Computer Vision, a Brief History
“If we want machines to think, we need to teach them to see.”
— Fei Fei Li
Diverted from artificial intelligence, research in the field of CV began around the 1960s. One of the earliest relevant papers may be Receptive Fields of Single Neurons in the Cat’s Striate Cortex by Hubel and Wiesel in 1959, where they inserted electrode into a cat’s brain and observed response after changing what the cat sees.
The 2 published another paper in 1962, presented their word on a more detailed investigation on how the cat’s brain processes visual information. The early research in a neuroscience-related approach was rather abject. I have mentioned in one of my previous articles, where the neural-network-based approach went through a dark time until the 2000s.
There were other advanced in the field. For example, Hough’s transform, named after a patent in 1962 after Paul Hough’s patent Hough’s transform is now widely used in fields such as autonomous driving. Edge detection proposed by John Canny in 1986 is used quite a lot in edge detection. Edge detection is applied in many different fields such as face recognition.
When I was studying at Queens University in Canada (where Elon Musk also went to), Professor Greenspan also demonstrated on their progress in object permanence for machines. The Canadians contributed a lot to the field of AI research, including the well known CIFAR.
Another notable mention before we go into deep learning would be Lenna Forsén. If you are into any field related to digital image processing, chances are that you have seen her picture somewhere. Lawrence Roberts was the first man who used her photo from a Playboy magazine in 1960 in his master’s thesis.
The picture then somehow became a standard test image in the field of image processing. Playboy magazine planned to file a lawsuit for portrait rights but kindly gave it away when they realize it was for research and education.
Now let us get back to neural networks. Inspired by Hubel and Wiesel’s work, Kunihiko Fukushima invented the “Neocognitron” in 1980. Neocognitron was arguably the earliest version of a convolutional neural network.
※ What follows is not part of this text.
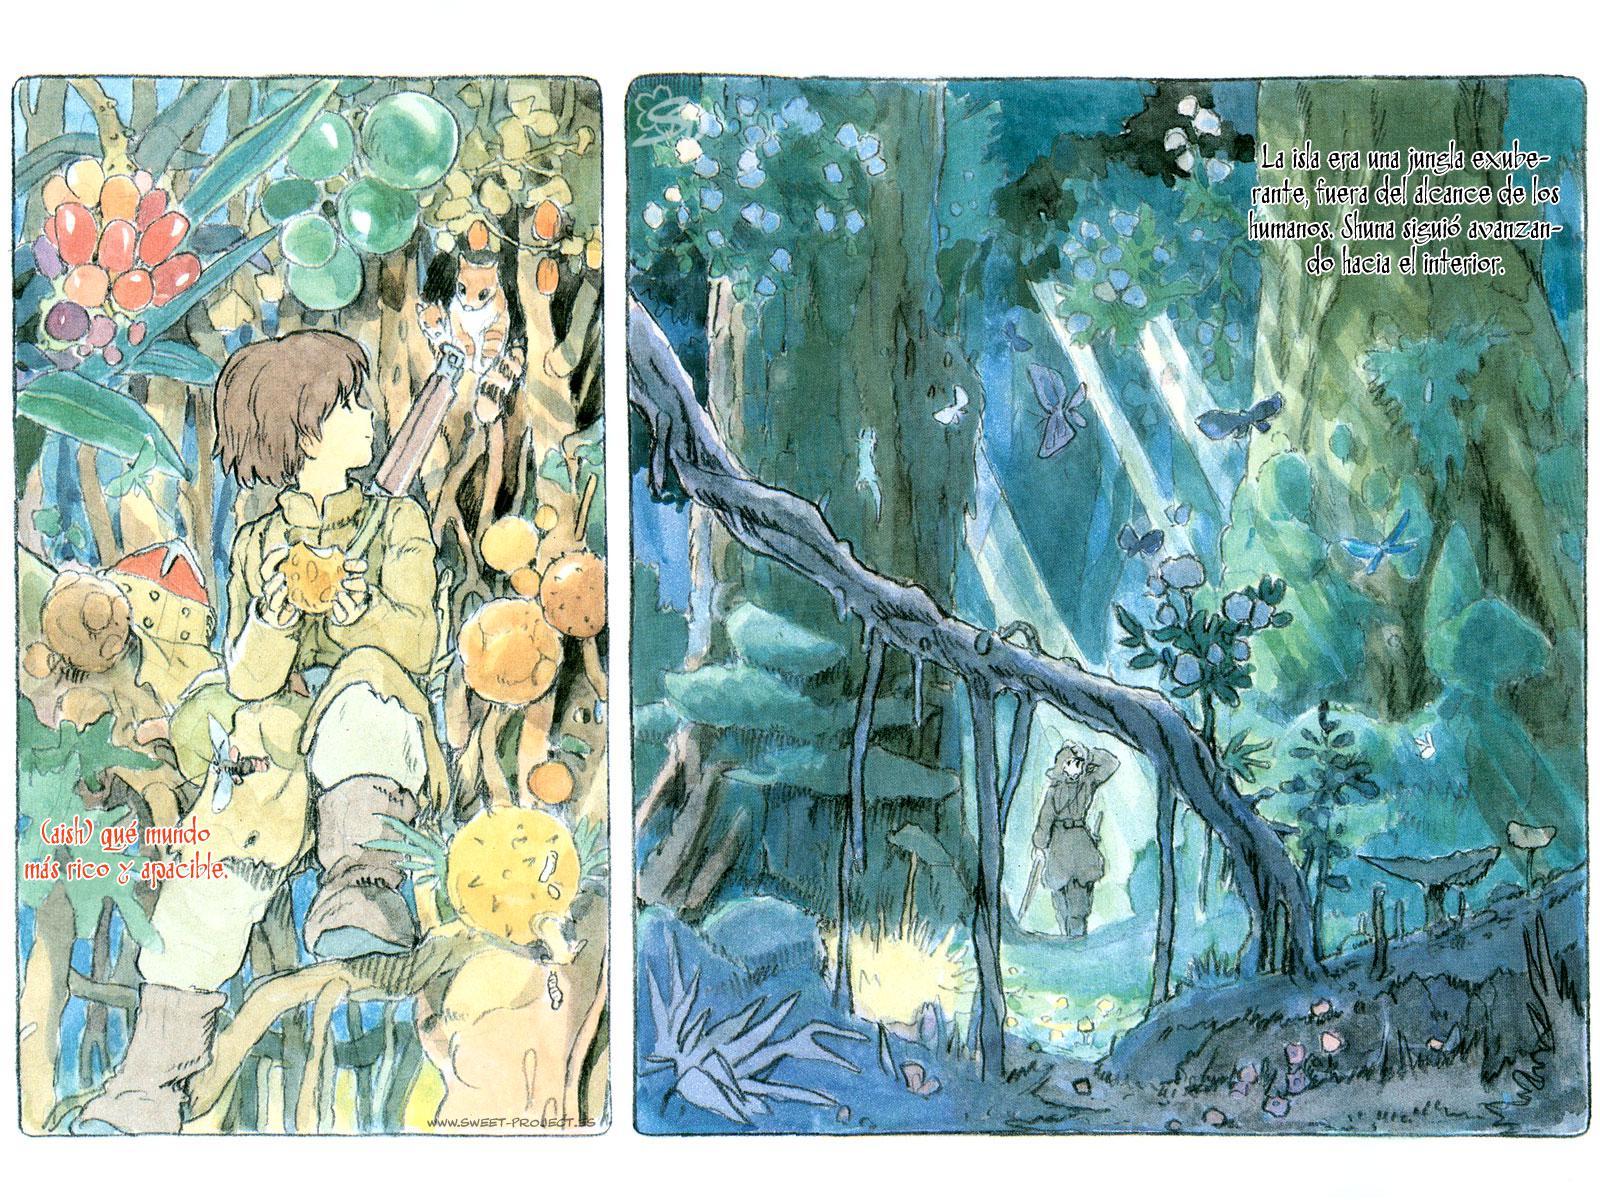 https://c5.ninemanga.com/es_manga/22/3350/429886/05daa38da5d5e11450147b8443c155e4.jpg Page 8

The network was used to recognize hand-written characters.
Yann LeCun, famous for his work on the convolutional neural networks, applied back-propagation to the convolutional neural networks in 1989. He then published LeNet-5 in 1998 with gradient-based learning algorithms.
The turning point of neural networks happened in 2012. Alex Krizhevsky, along with his AlexNet, won the ImageNet competition on September 30, demonstrated the superior performance of approaches based on convolutional neural networks.
The leading scientist and principal investigator of ImageNet, professor Fei Fei Li, began working on the idea of ImageNet since 2006. She continued her travel in conferences and talks around the world, influencing others into the field of computer vision.
Another notable mention would probably be Joseph Redmon. Redmon invented the YOLO nets in 2016. The word YOLO probably came from a popular internet slang “You Only Live Once”, suggesting people to live their life to their full extent and generally used when young people are about to perform a reckless move. In the paper, YOLO stands for “You only look once”, which offers fast object detection based on neural networks.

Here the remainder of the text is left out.